Vellottamparappu is a panchayat town in Erode district in the Indian state of Tamil Nadu.

Demographics
 Indian census, Vellottamparappu had a population of 8129 which included equal numbers of male and female. Children below age 6 have a ratio of 8% of the total population. Vellottamparappu has an average literacy rate of 64%, which is higher than the national average of 59.5%. Literacy in males is higher than that of the females.
Sakthi poultry farm is the best farm at Vellotamparappu.

Economy
The population mostly consists of farmers and agricultural laborers who are dependent on the Kalingarayan canal.
The main crops are turmeric, paddy, sugarcane, maize, ginger, etc. Although the yield is good, the people are suffering mainly due to the lower prices for their products.

Facilities
The village has a public Higher Secondary school that has achieved 100% results in the SSLC examination over the last few years. 

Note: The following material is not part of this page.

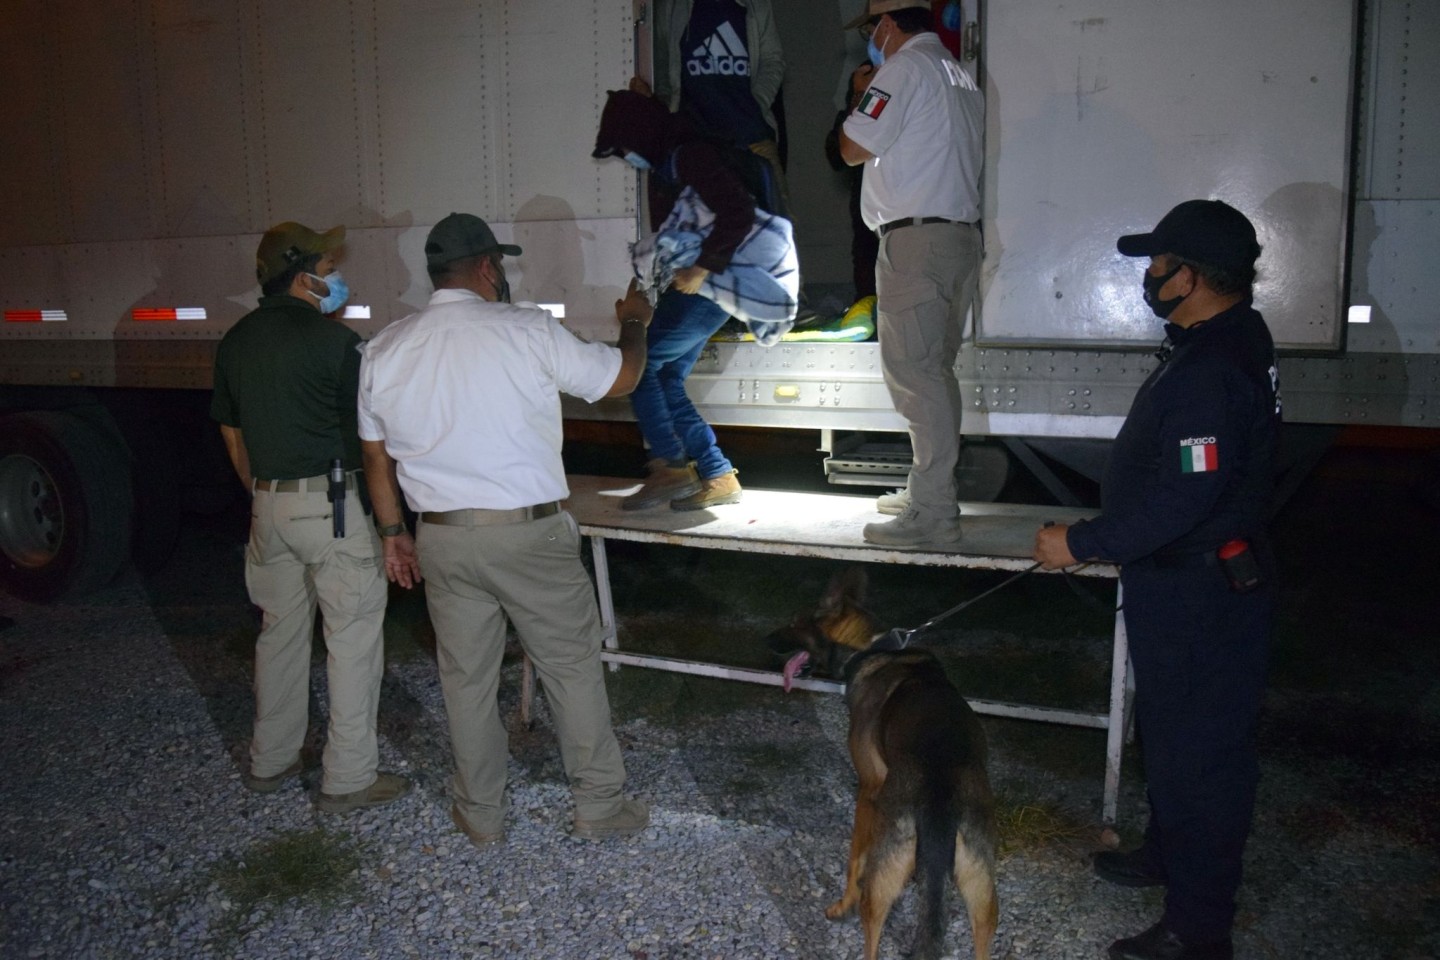 Polizisten und Offiziellle helfen Migranten aus Sattelzügen. Mexikanische Soldaten haben in den Aufliegern dreier Sattelzüge insgesamt 652 mittelamerikanische Migranten in versiegelten Kü...

The village has a small library that houses more than 1,000 books and various periodicals. It is used by the students and the local people.

Naduppalayam, which is a nearby village, has a market that opens every Thursday.

The Kundam festival, which occurs annually in January and February, is very famous in the area.

Subdivisions
This village holds the small towns of Perumampalayam, Periyur, Arikarankattur, Thitukattur, Vellapampalayam, Anaigoundan Pudur, Devampalayam, Naduppalayam, Devampalayam, Annamar Kovil and Vaduganur.